What is AI regulation in the Marshall Islands?

AI regulation: countries and regions

The Marshall Islands has no dedicated artificial intelligence law, bill, national AI strategy or AI policy, and no AI regulator. There is no AI-specific framework at all. The nearest relevant rules are the Personal Data Protection Act 2025, which applies only to core national government ministries and agencies, the constitutional right to privacy, and cybercrime and cybersecurity statutes passed in 2025. Anyone deploying AI relies on these general laws, contracts and sector rules rather than on AI regulation.

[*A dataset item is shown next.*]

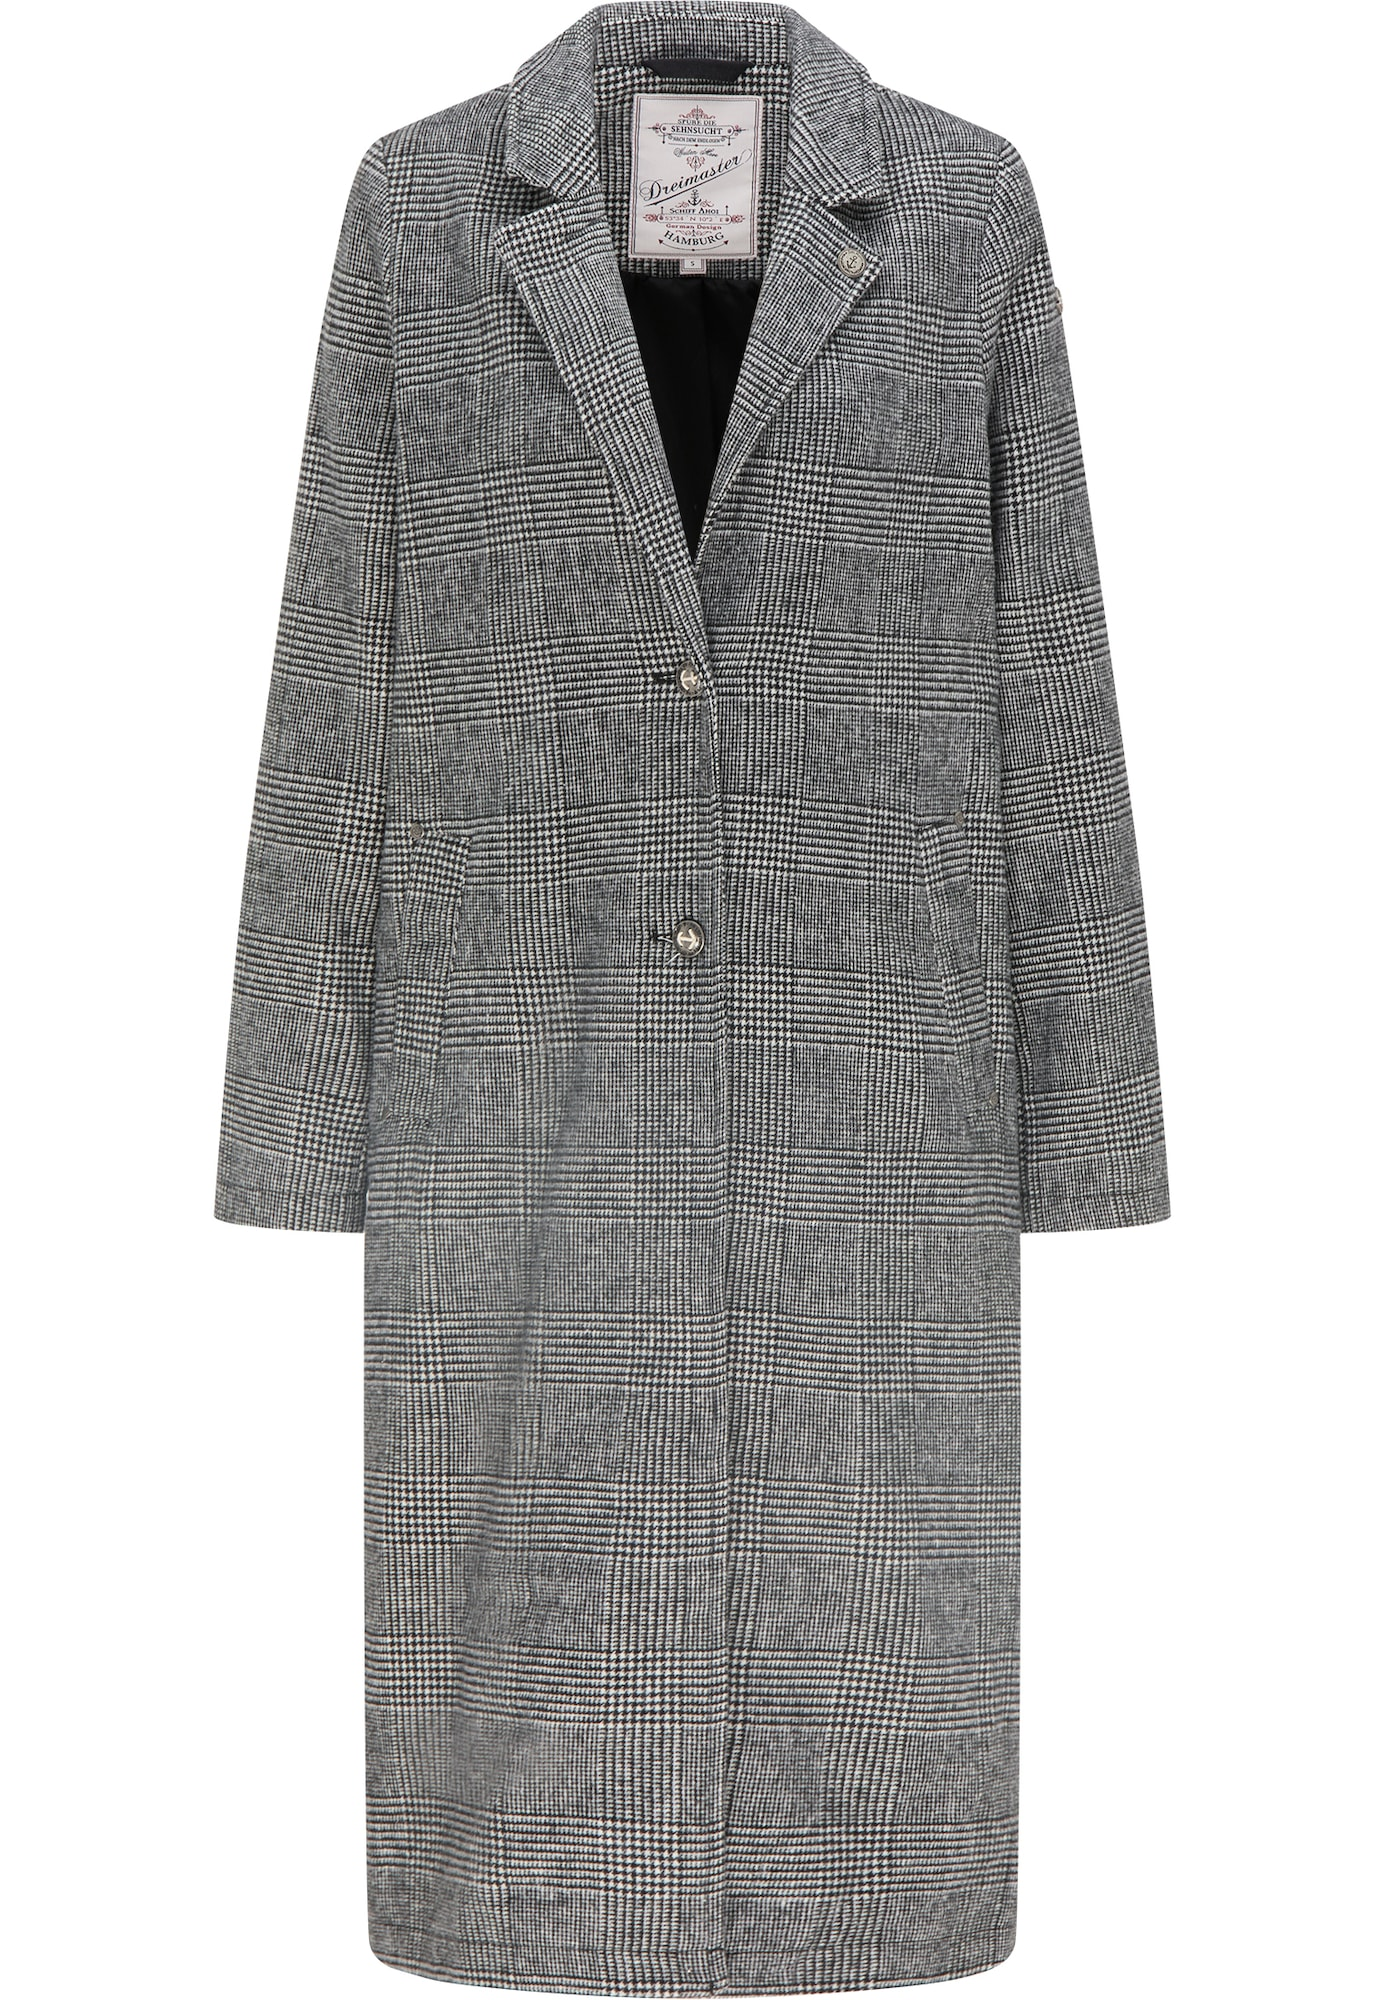 DreiMaster Vintage Demisezoninis paltas juoda / balta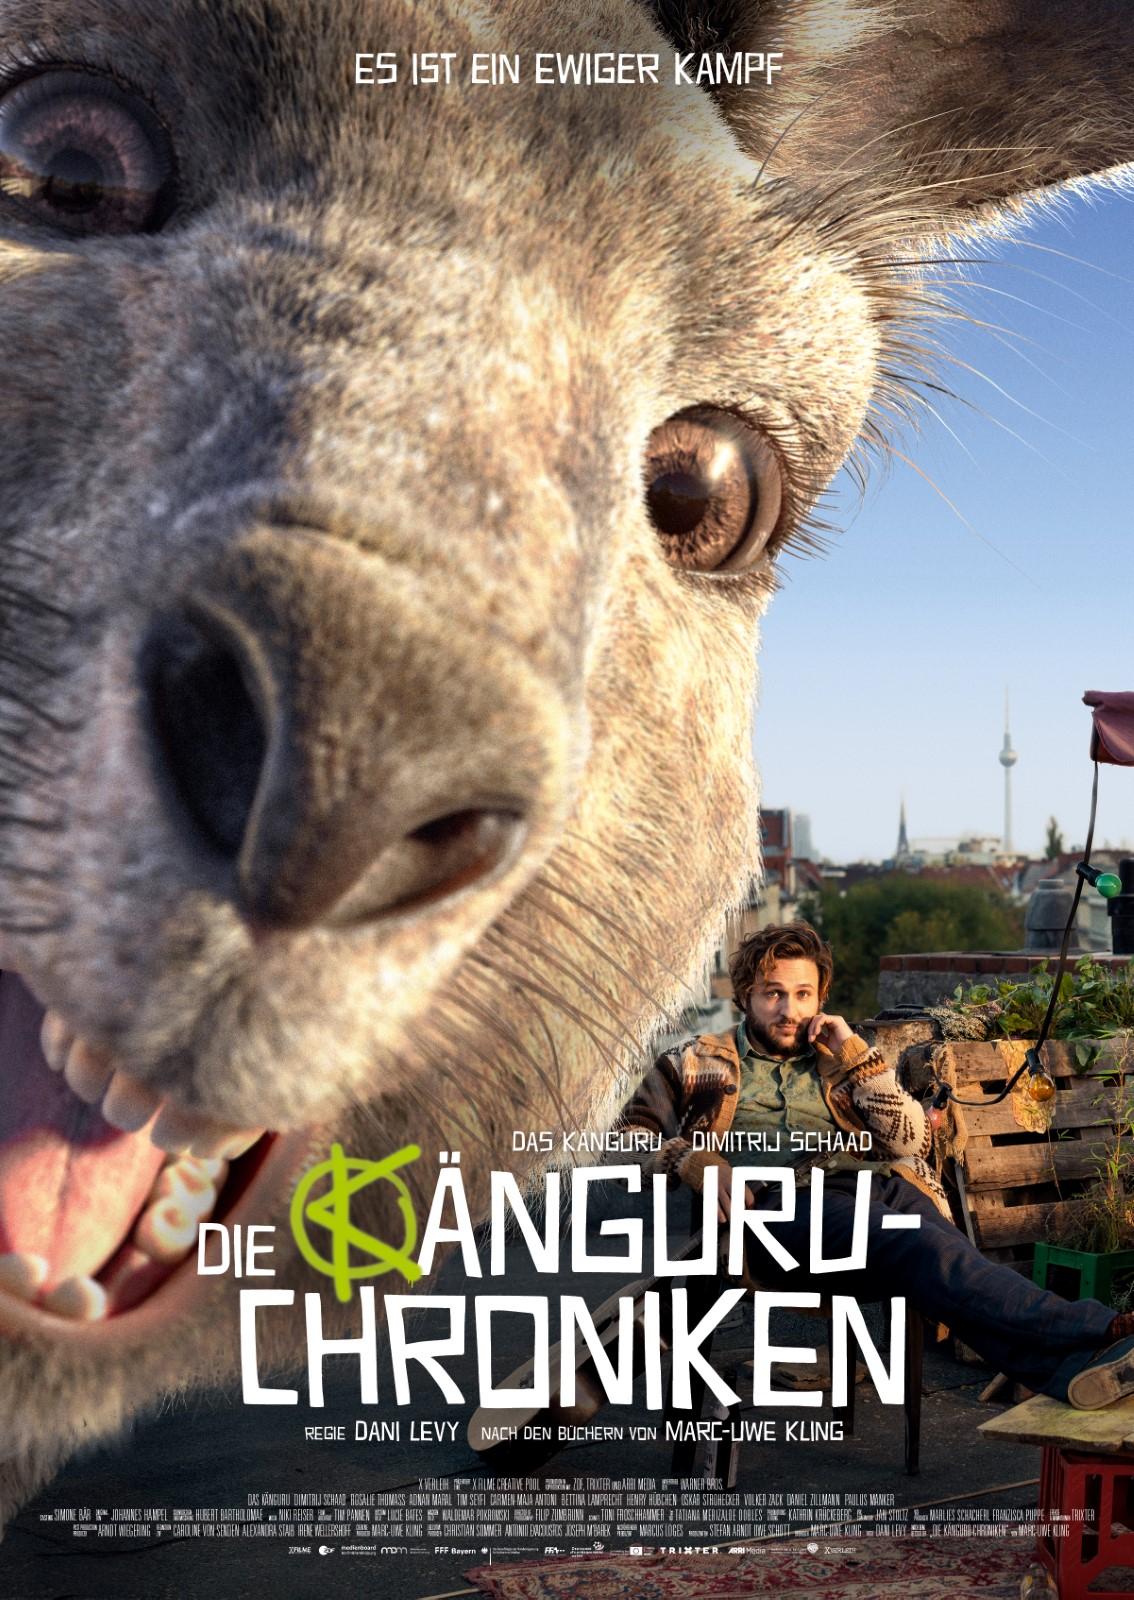 [amazon] [iTunes] Die Känguru-Chroniken in HD leihen

Reviewed by Jackie, Head of Learning & Development, Levellers · Last reviewed 8 June 2026

What this means

The Republic of the Marshall Islands (RMI) is a small Pacific island state of 42,418 residents (2021 Census), of whom 23,156 (54.6 per cent) live on Majuro, spread across 29 coral atolls and five single islands, in free association with the United States. It does not regulate artificial intelligence as a distinct subject. There is no AI Act, no AI bill before the Nitijela (parliament), no published national AI strategy, and no agency tasked with AI oversight. Per the AI Asia Pacific Institute's August 2024 report, no Pacific Island country has yet published a national AI strategy, with only Fiji and Papua New Guinea reported to be making progress on developing theirs.

What the RMI does have, as of 2025 and 2026, is the beginning of a digital legal architecture. In 2025 the Nitijela passed a cluster of digital laws, including the Personal Data Protection Act 2025, a Cybersecurity Act 2025 and a Cybercrimes Act 2025, alongside electronic transactions and digital identity legislation. These laws were supported by the World Bank-financed Digital Republic of the Marshall Islands (Digital RMI) project. None of them mentions AI.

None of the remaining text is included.